Also, the ISP is prohibited under US law from giving Google that information, and there are similar legal prohibitions under European laws. Surely, illegal means are not “reasonable” means in the terms of the Directive.

So the reality is that like any other web site on the Internet that logs the IP Address of the computer used to access that site, the chances of Google being able to combine an IP Address with other information held by the ISP that issued that IP Address in order to identify anyone are indeed negligible.

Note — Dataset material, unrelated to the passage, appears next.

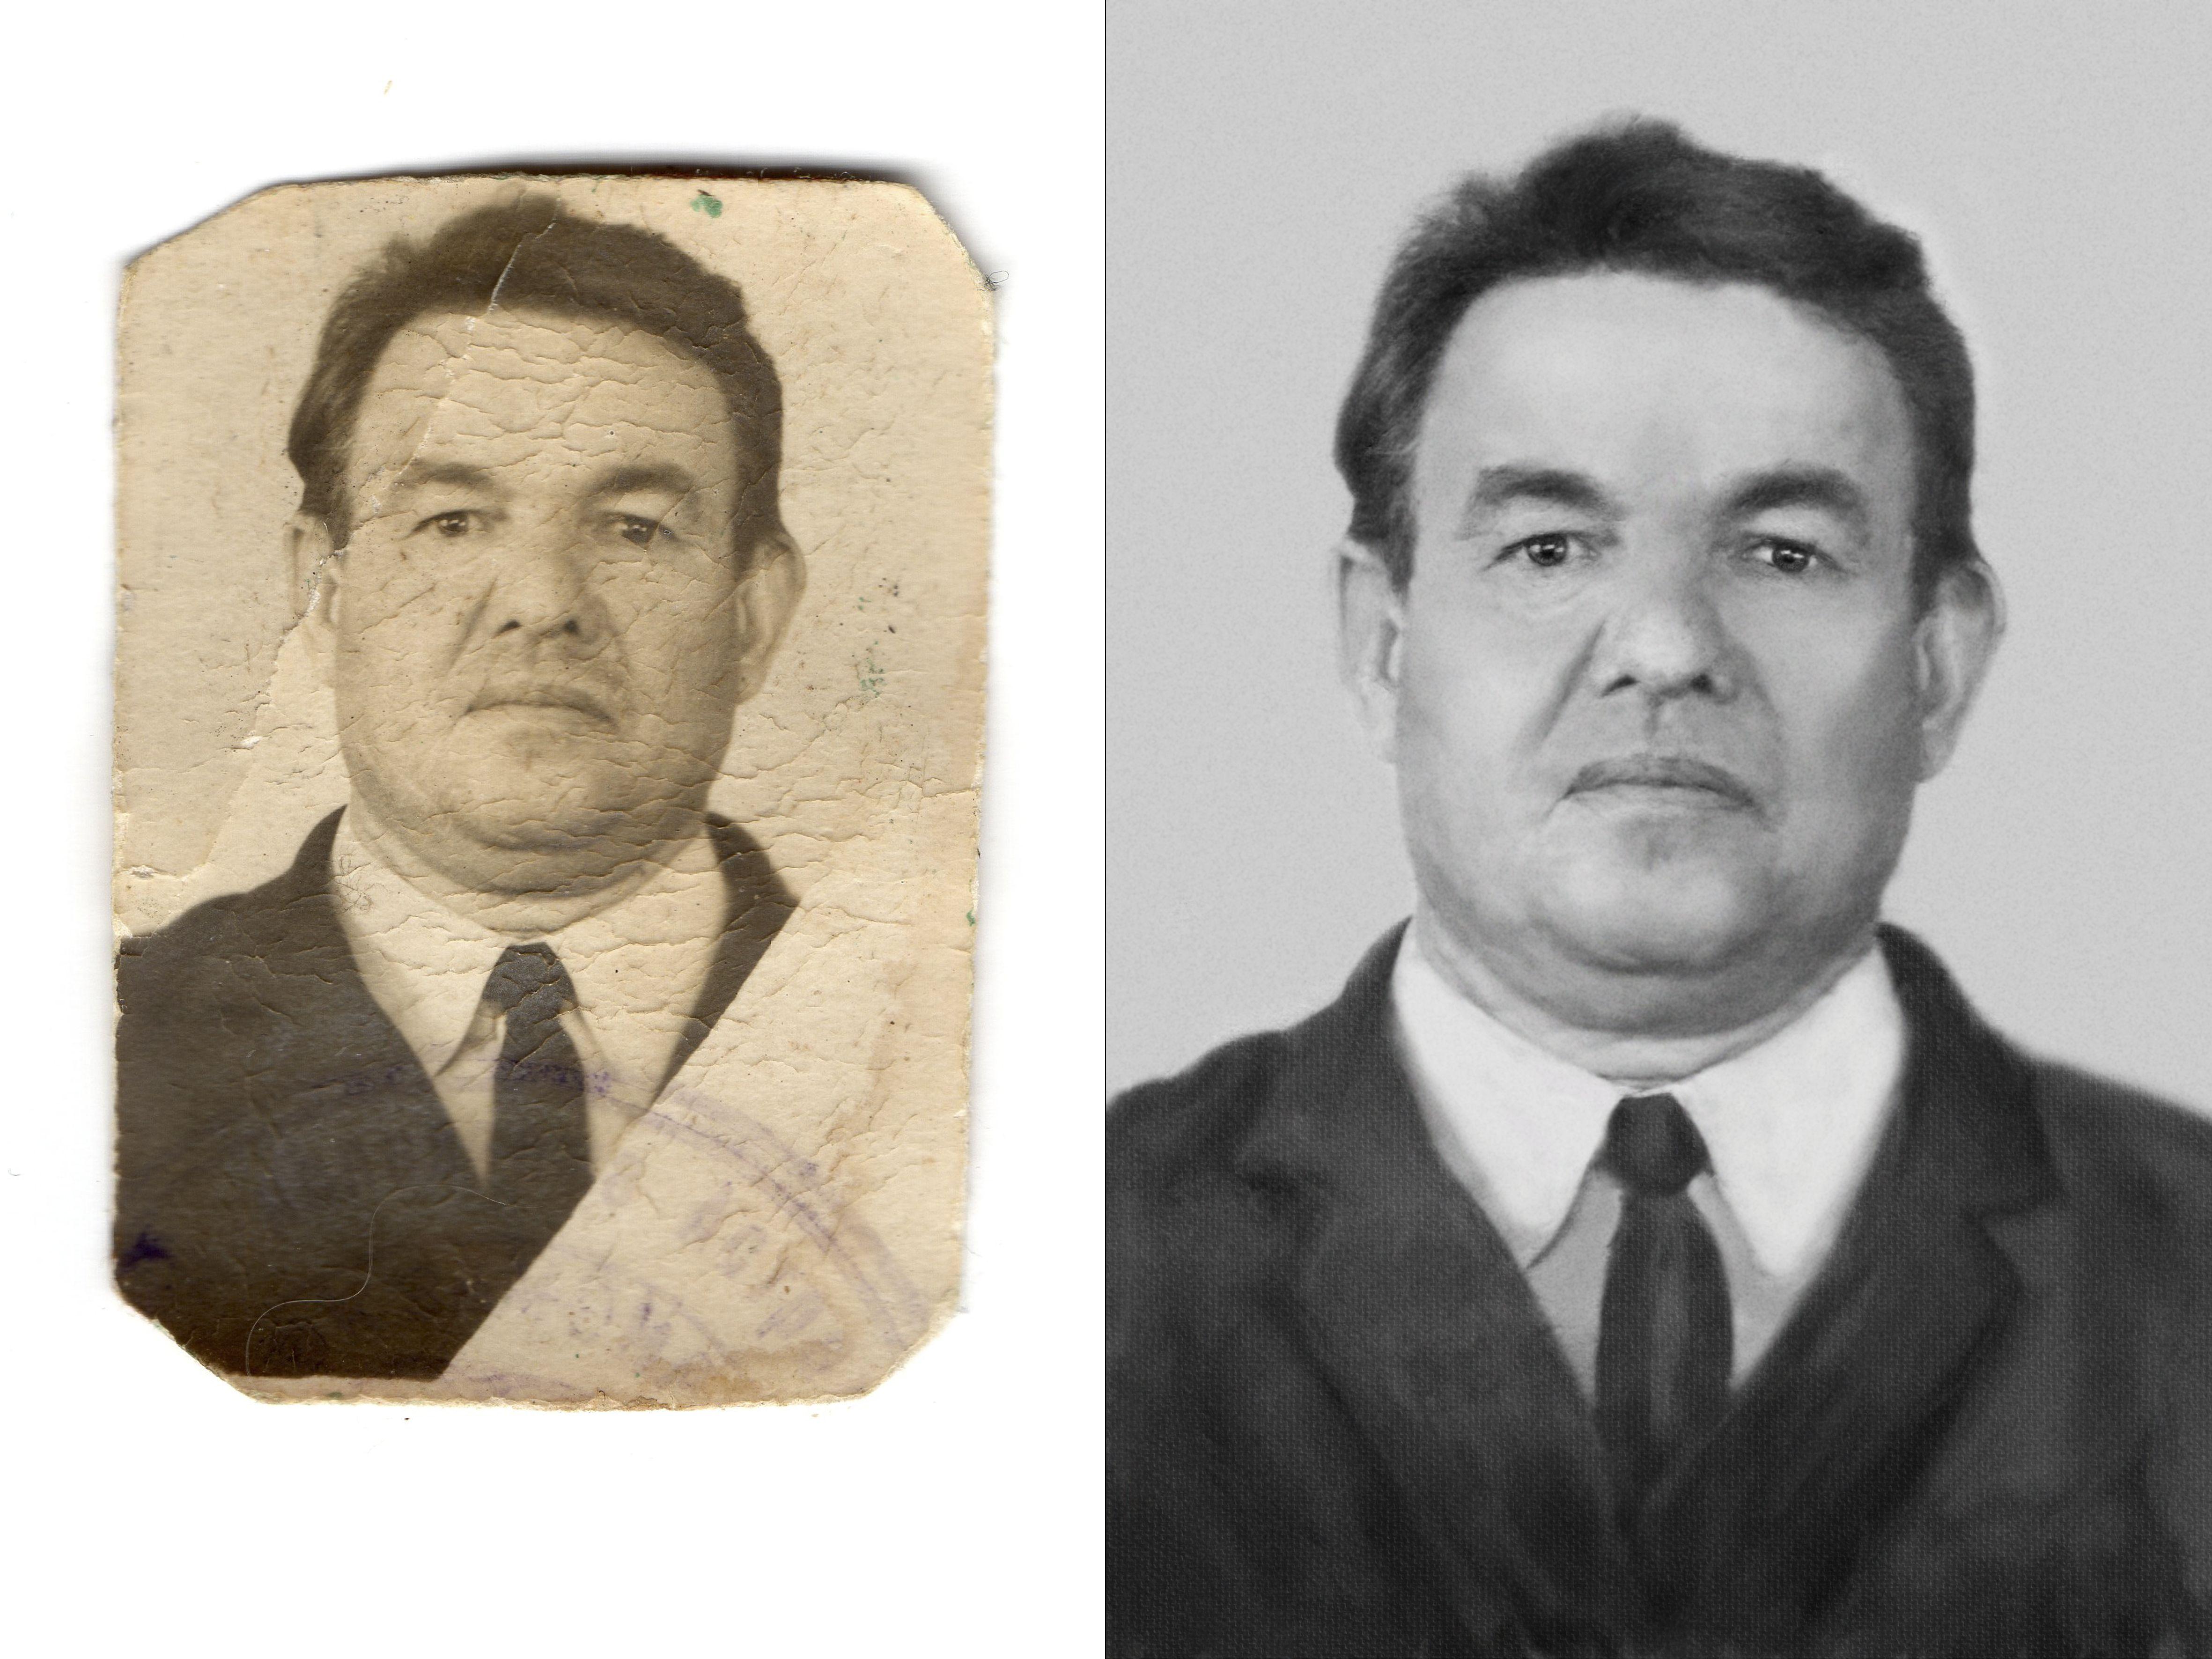 Восстановление старой фотографии | Historical figures ...
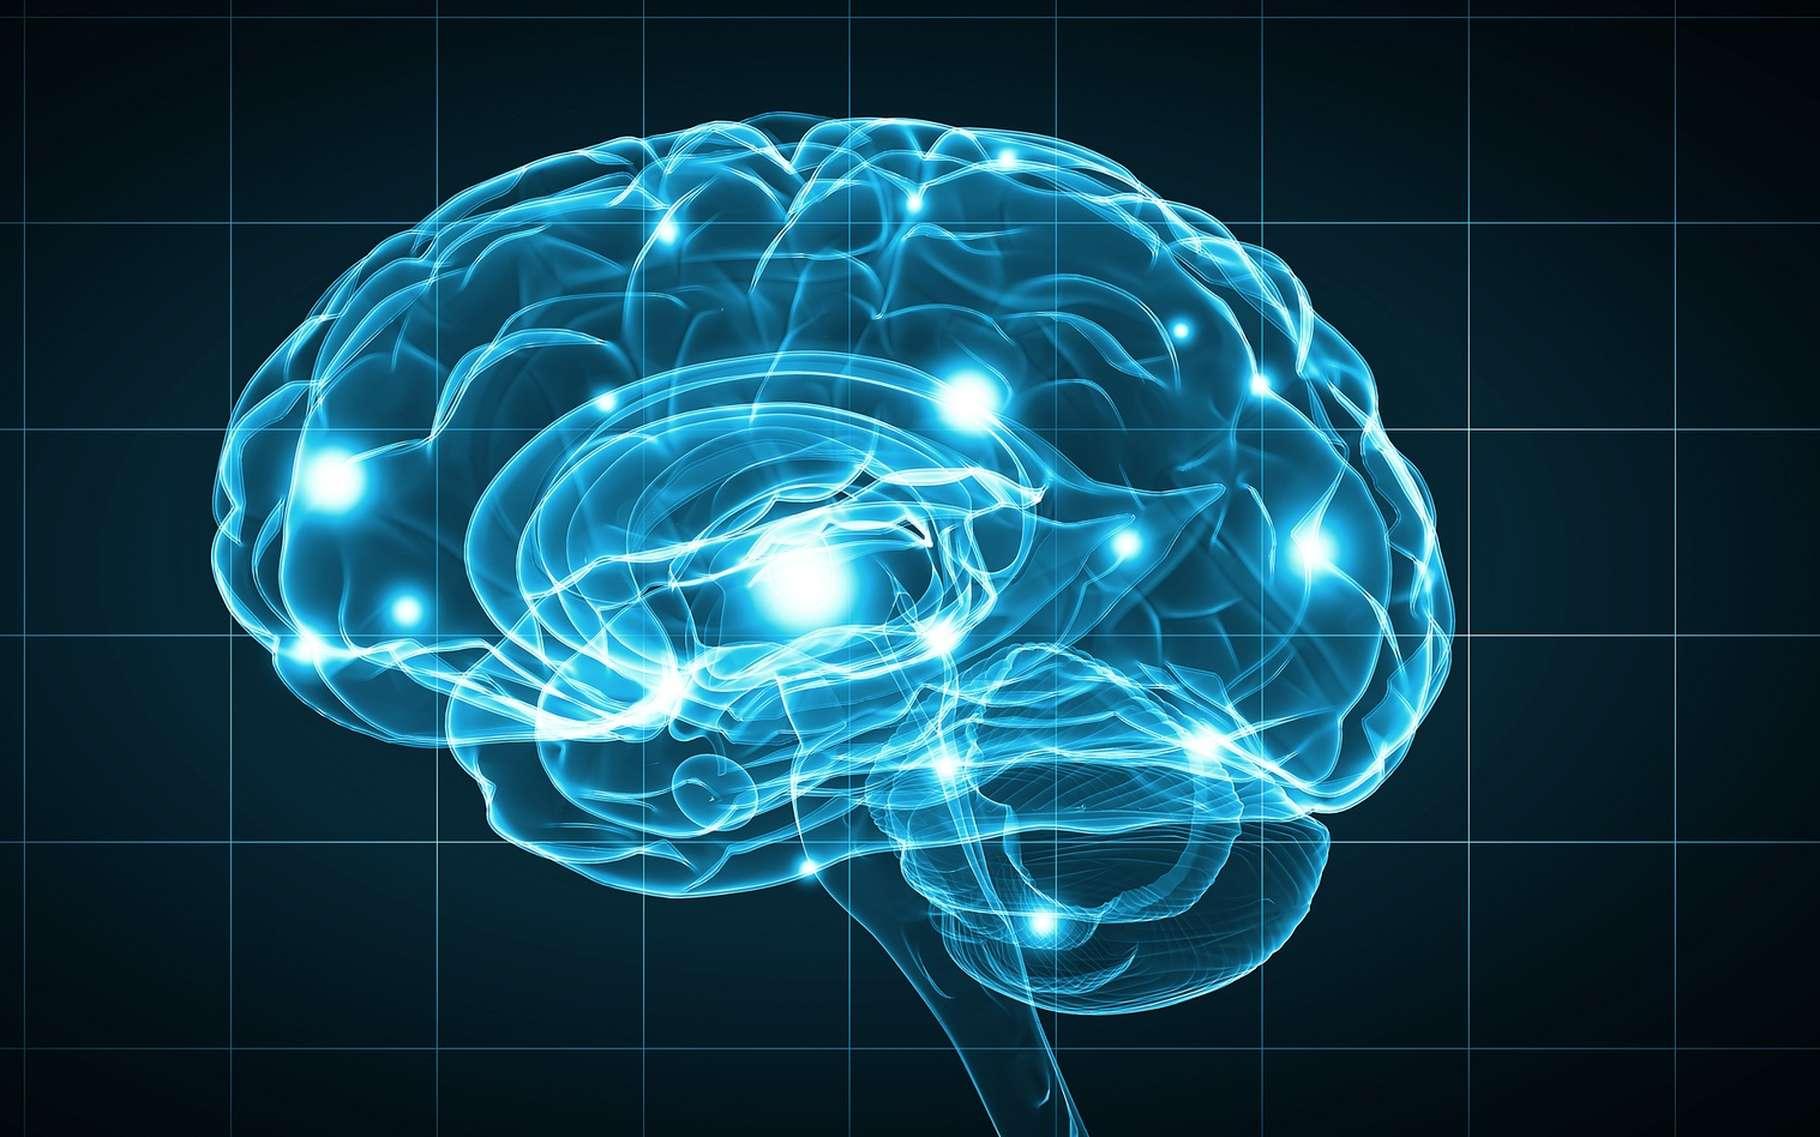 Vers 50 ans, l'obésité ferait vieillir le cerveau de 10 ans. © Sergey Nivens, Shutterstock

However, let’s hypothesize for now that Google could ask the ISP for that information. Could the ISP give Google the identity of the person? Again, the answer is “hardly.” Why is it so difficult? First, an ISP can only link an IP Address to an account. That means that if there are multiple people, like a family, logging into the same account, only the account holder’s name is associated with the IP Address.

Second, ISP’s are given a finite number of IP Addresses to assign to their subscribers. At this point there are not enough IP Addresses to cover the number of users that wish to access the Internet. So, many ISPs have resorted to the use of dynamic IP Addresses. This means that a user could be assigned a different IP Address as often as every time they access the Internet. In order for the ISP to track the account that is connected to an IP Address, the ISP may require the actual date and time of use.

Finally, almost all big organizations have their own private network that sits behind a firewall. They may use static or dynamic IP addresses, but in either case these are not visible outside the organization. They are using Network Address Translation (NAT). NAT enable multiple hosts on a private network to access the Internet using a single IP Address. NAT is also a standard feature in routers for home and small office Internet connections.

So again, on the balance of probabilities and taking into account any factors identified by the Working Party as relevant, the most obvious conclusion is that the IP Addresses obtained by Google and other websites are not sufficiently significant or revealing to qualify as personal data from the point of view of the EU data protection directive.

Some people have raised the question whether the government/law enforcement can identify an individual user from an IP address from Google’s logs. Google on its own cannot tie any IP to any specific ISP account or any specific computer. We simply know that the IP address locates a computer that is accessing our system. We don’t know who is using that computer. So, in order for someone to tie the IP to an account holder, there have to be at least two subpoenas issued: one to Google and a separate one to the ISP.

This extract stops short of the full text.